Traps were discussed in my earlier post. Acoustic panels, if there are enough of them decrease reflections - some people say they tame high frequency response in a highly reflective room, but I don’t really buy it. If your reflections are bad enough, dampening them attenuates all the high freq energy bouncing around the room, which can be perceived as taming the highs. However, there won’t be any change in direct-radiating response between the speaker and your listening position. I agree with Joshua that your room looks fairly reflective. The rug on the floor isn’t all that big, plus a significant portion of it is covered by the hard table. So, acoustic paneling might indeed help “tame” the highs. That said...



> my speakers tend to me to be a little bright... i would like to turn my system up a little more for more bass but then the speakers just sound to bright...


You could gain a lot of mileage in that department simple by adjusting your receiver’s treble or high frequency tone control.

Regards,
Wayne


----------



## Ilkka (Jun 8, 2006)

I would use the correction file for digital meter with this one.
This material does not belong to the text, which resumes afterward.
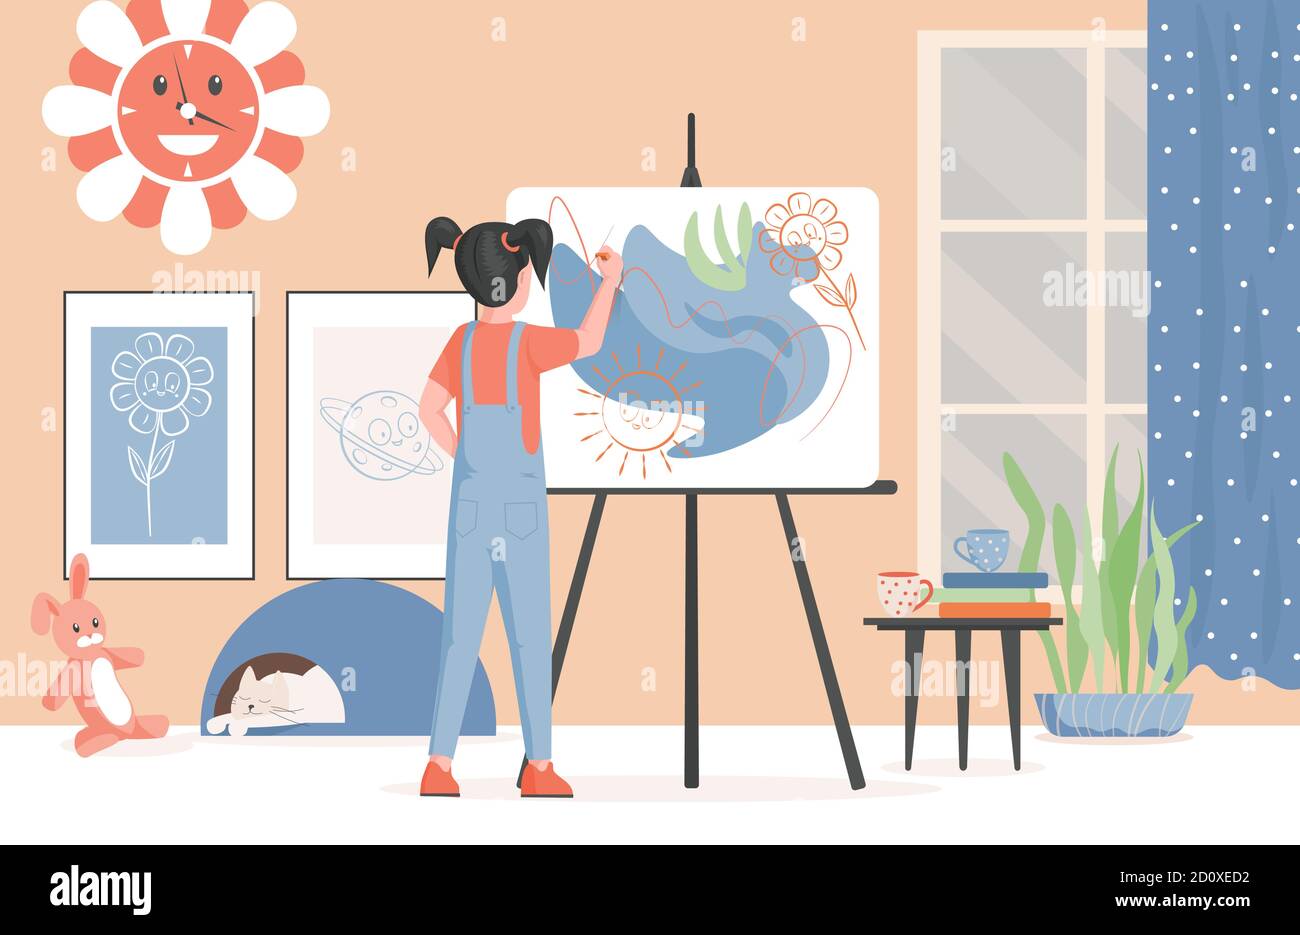 https://c8.alamy.com/comp/2D0XED2/cute-little-girl-in-modern-clothes-drawing-flowers-and-sun-on-paper-on-easel-vector-flat-illustration-children-room-interior-design-with-paintings-home-plants-and-domestic-pet-2D0XED2.jpg

I doubt the true frequency response is as bottom heavy as it is with the analog correction file.


----------



## Guest (Mar 1, 2007)

yea i just saw that one article back in 1996 where they both were the same but i guess he used diff numbers for the calibration... i don't know i'm getting a galaxy 150 so i don't have to worry about it... here is the article so i'm unsure what to use for my digital meter since i purchased it in 1999 or 2000...

http://www.hometheatershack.com/forums/bfd-rew-forum/86-interesting-info-rs-spl-meter-correction-values.html?highlight=old+digital+rs+spl+meter


----------



## Guest (Mar 1, 2007)

i am just thinking about whether its worth spending the money on some of those GIK accoustic panels... i talked with a guy that does the design over there and he recomended two 244 on the front wall and 2 on the corners left and right of the front wall... then 3 242 on the back walls...
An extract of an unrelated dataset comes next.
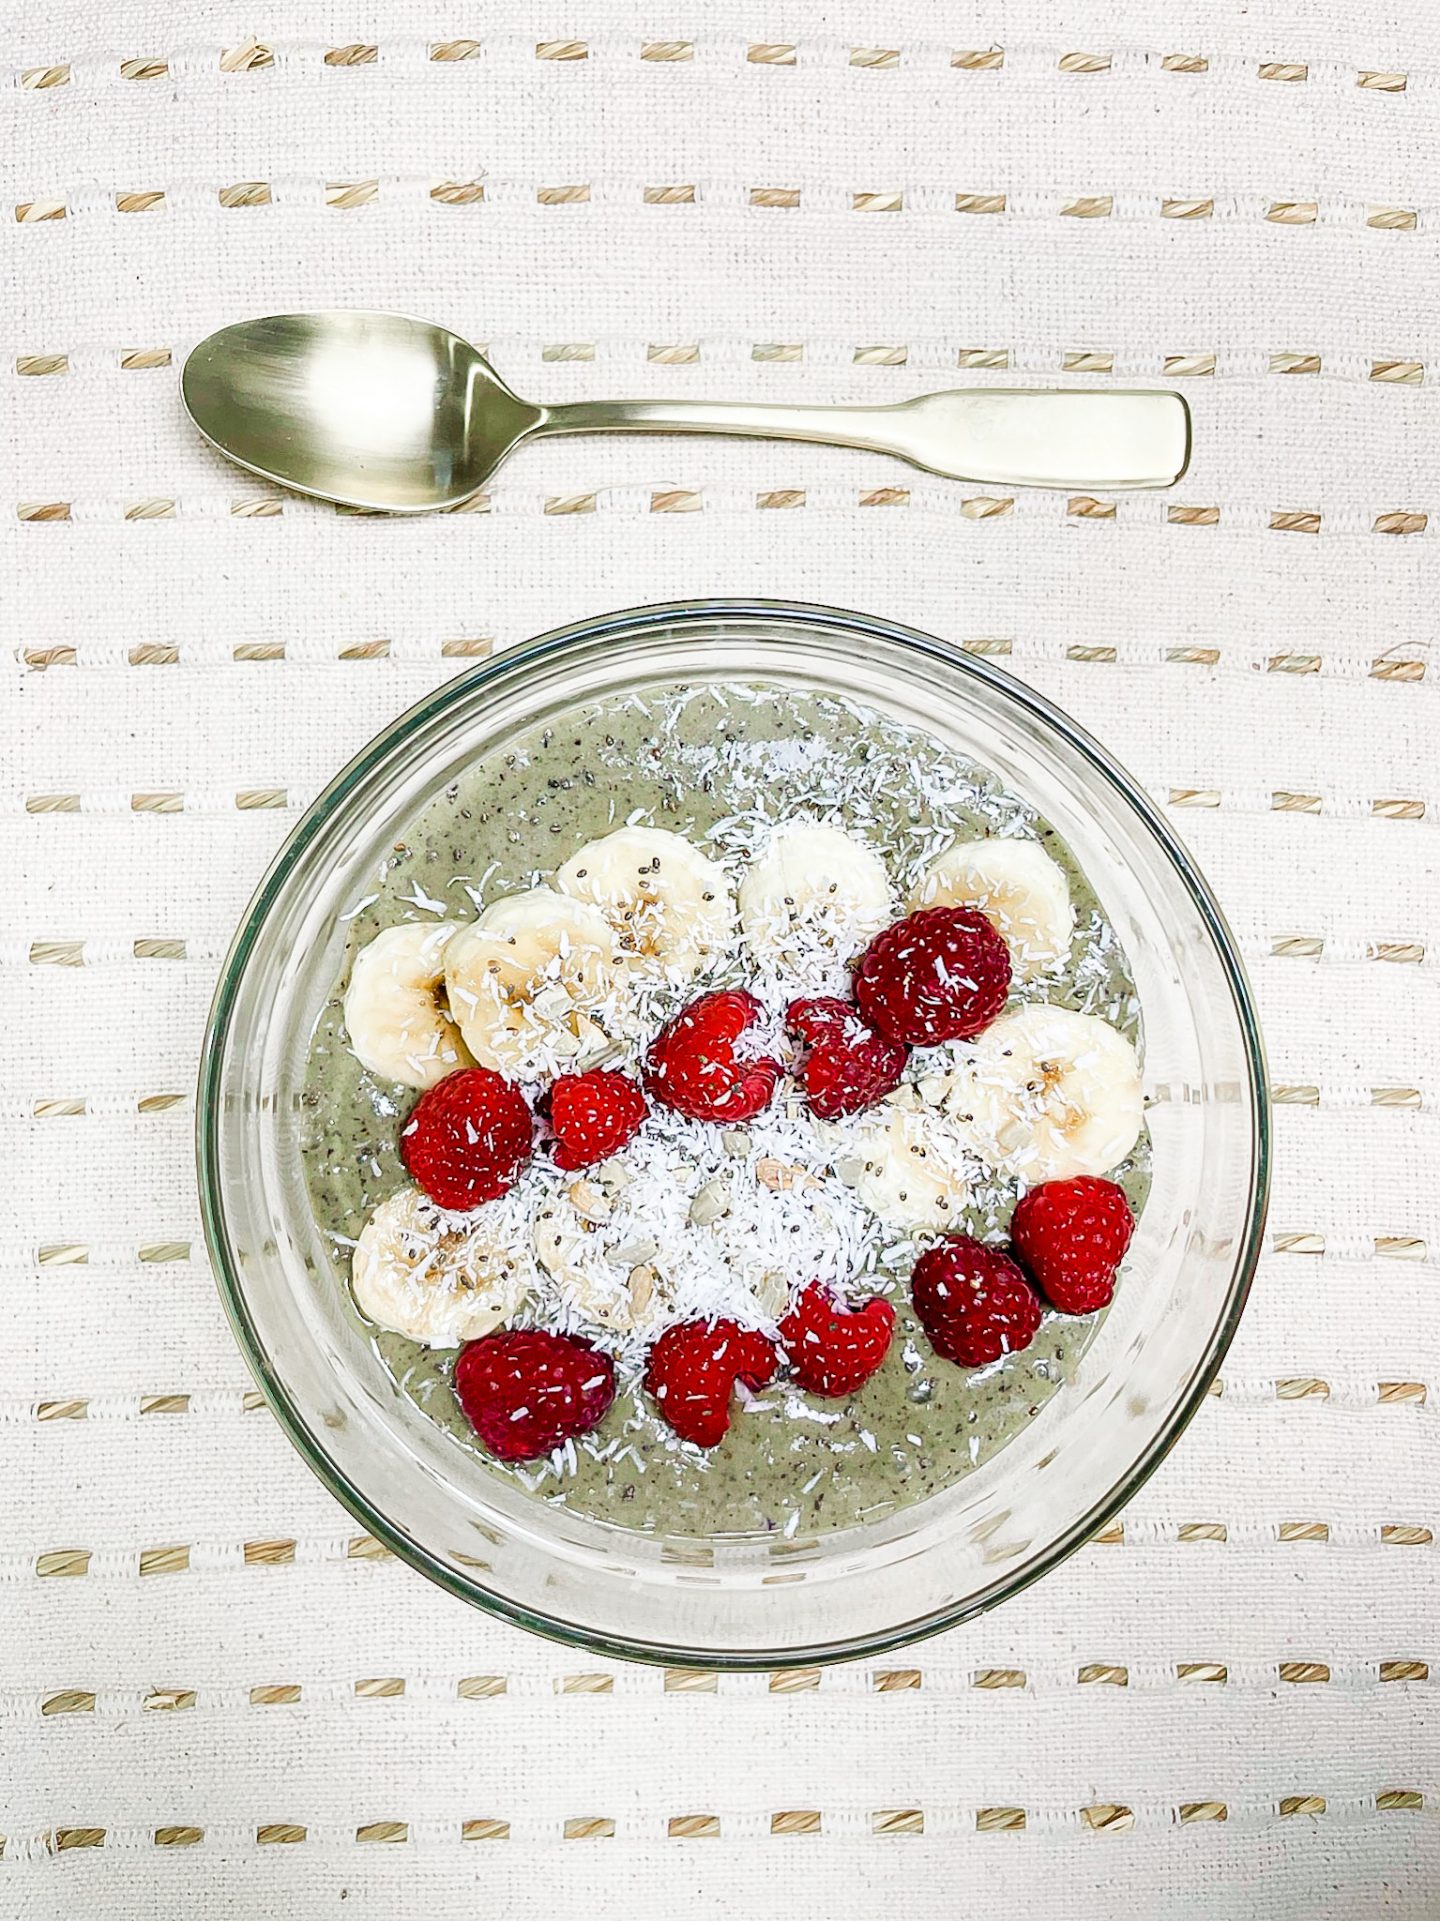 Healthy Breakfast Ideas: Green Smoothie Bowl Recipe by Alabama Food + Health blogger, Heather Brown // My Life Well Loved

just wandering if its worth it and what kind of benefit i will obtain???


----------



## Josuah (Apr 26, 2006)

Try close-mic'ing your decay measurements and placing your sofa cushions to prevent the sound from getting to your walls/ceiling/floor or something. Then you can tell the difference between the decay due to the speaker and the reflections.
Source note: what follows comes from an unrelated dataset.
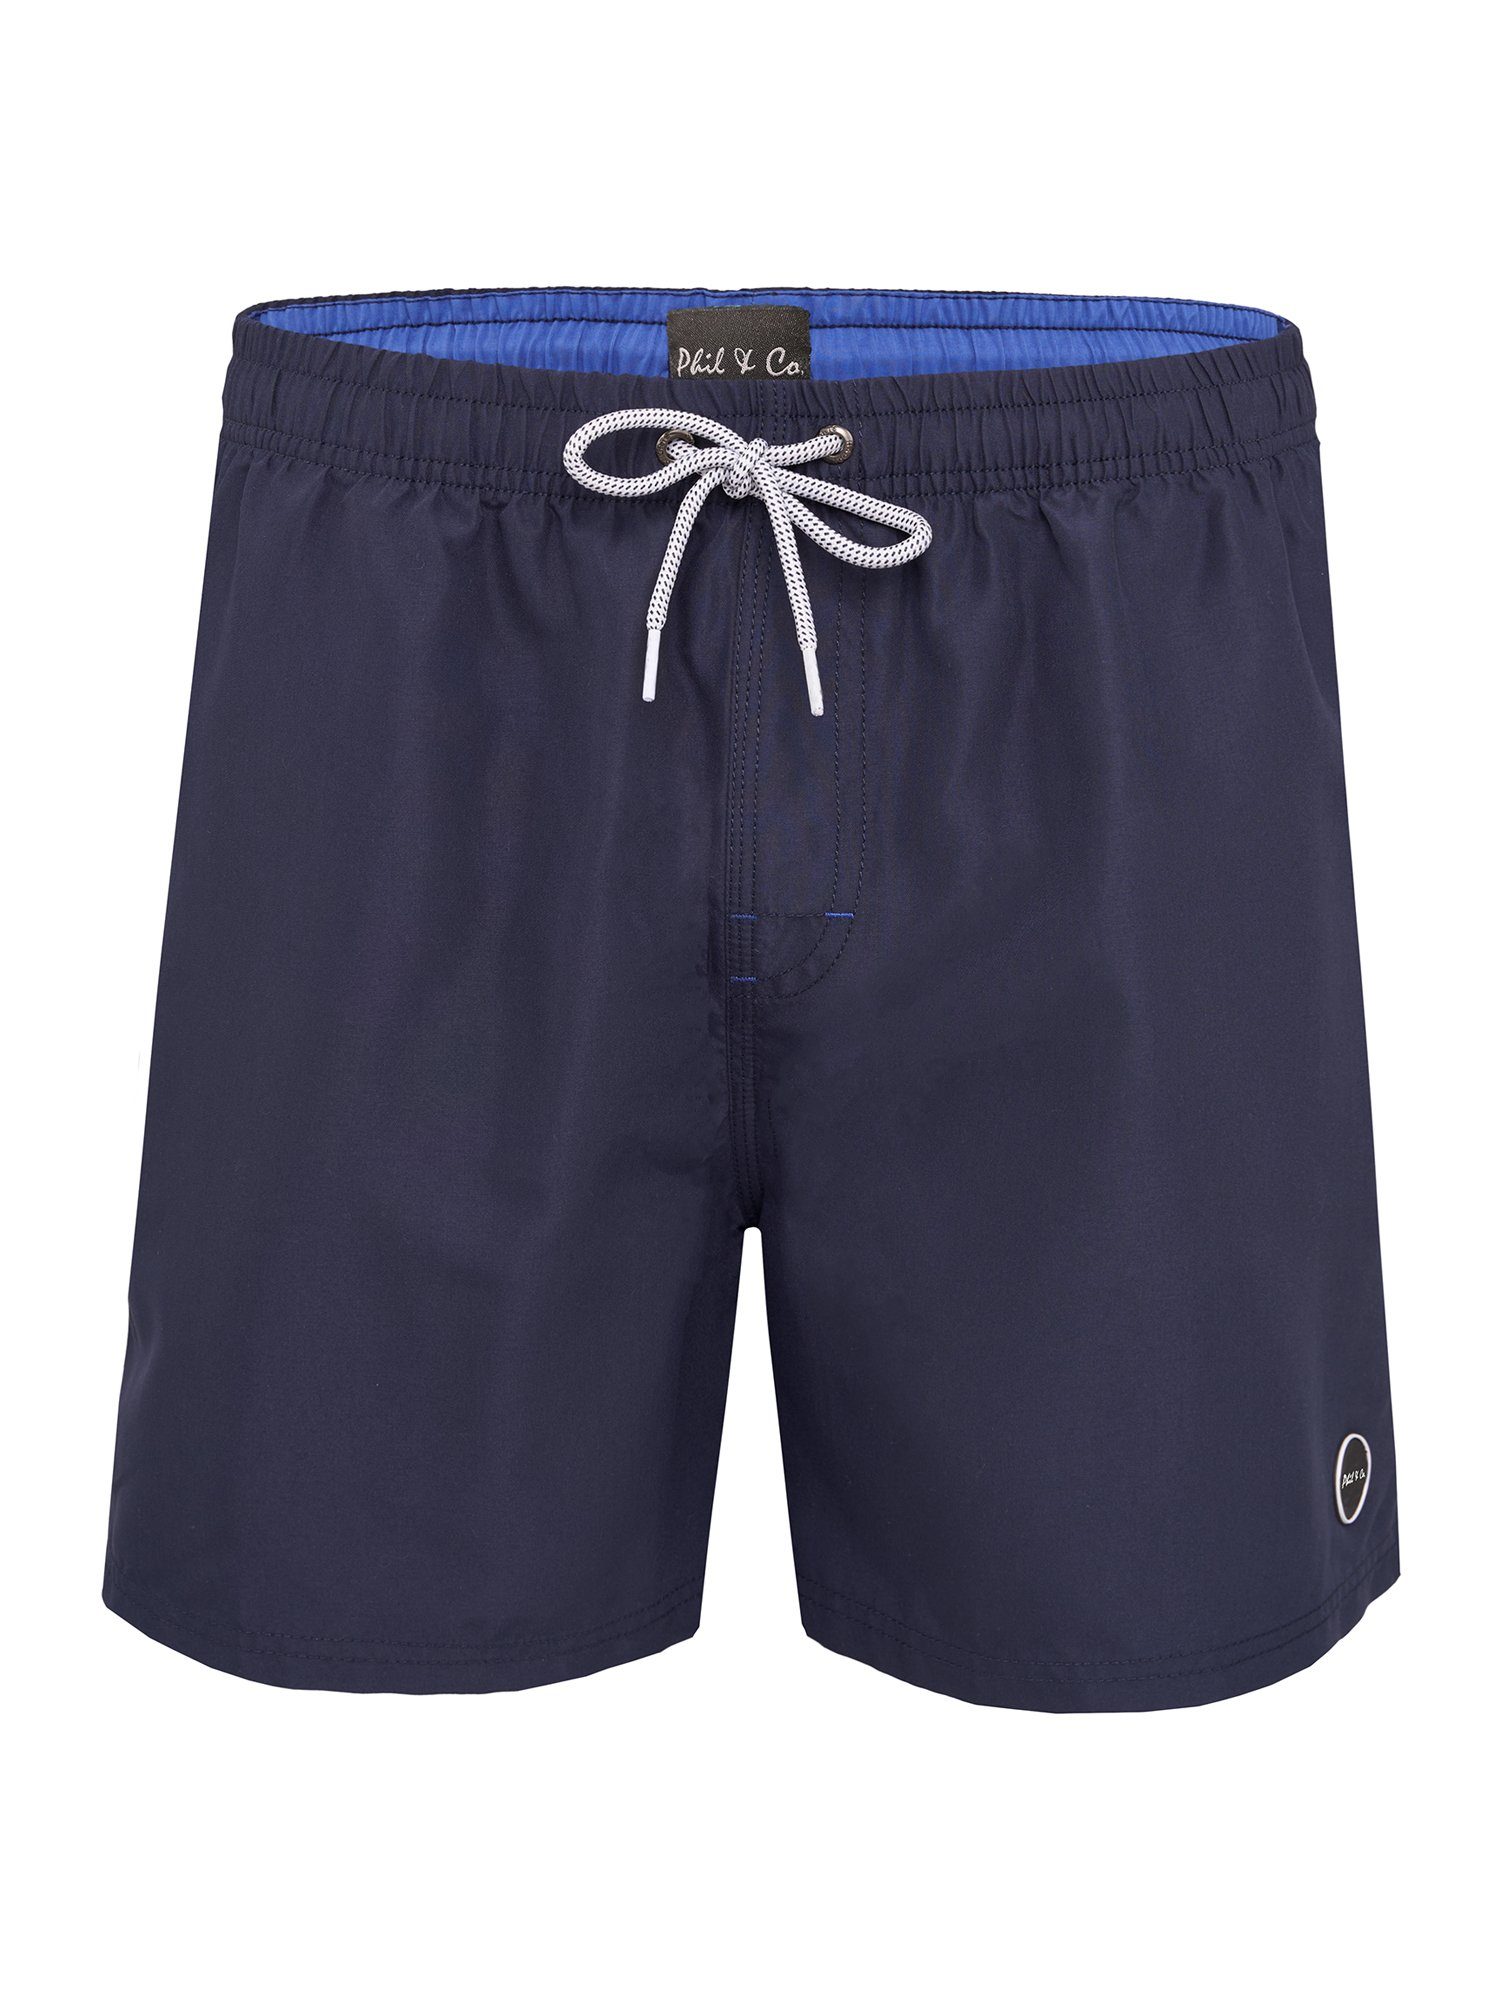 Phil & Co. Badeshorts Classic (1-St) navy solid

The information on the manufacturer site isn't much, and the 125W peak doesn't say if that's with 50% distortion or 10% distortion or 1% distortion. The reason I mention it is the speakers that came attached to my TV can also play somewhat loud but it sounds horrible because it's incredibly distorted. That might be what you're describing as "bright".


----------



## Guest (Mar 2, 2007)

i'm not sure exactly what u mean by close mic'ing the decay measurements...


----------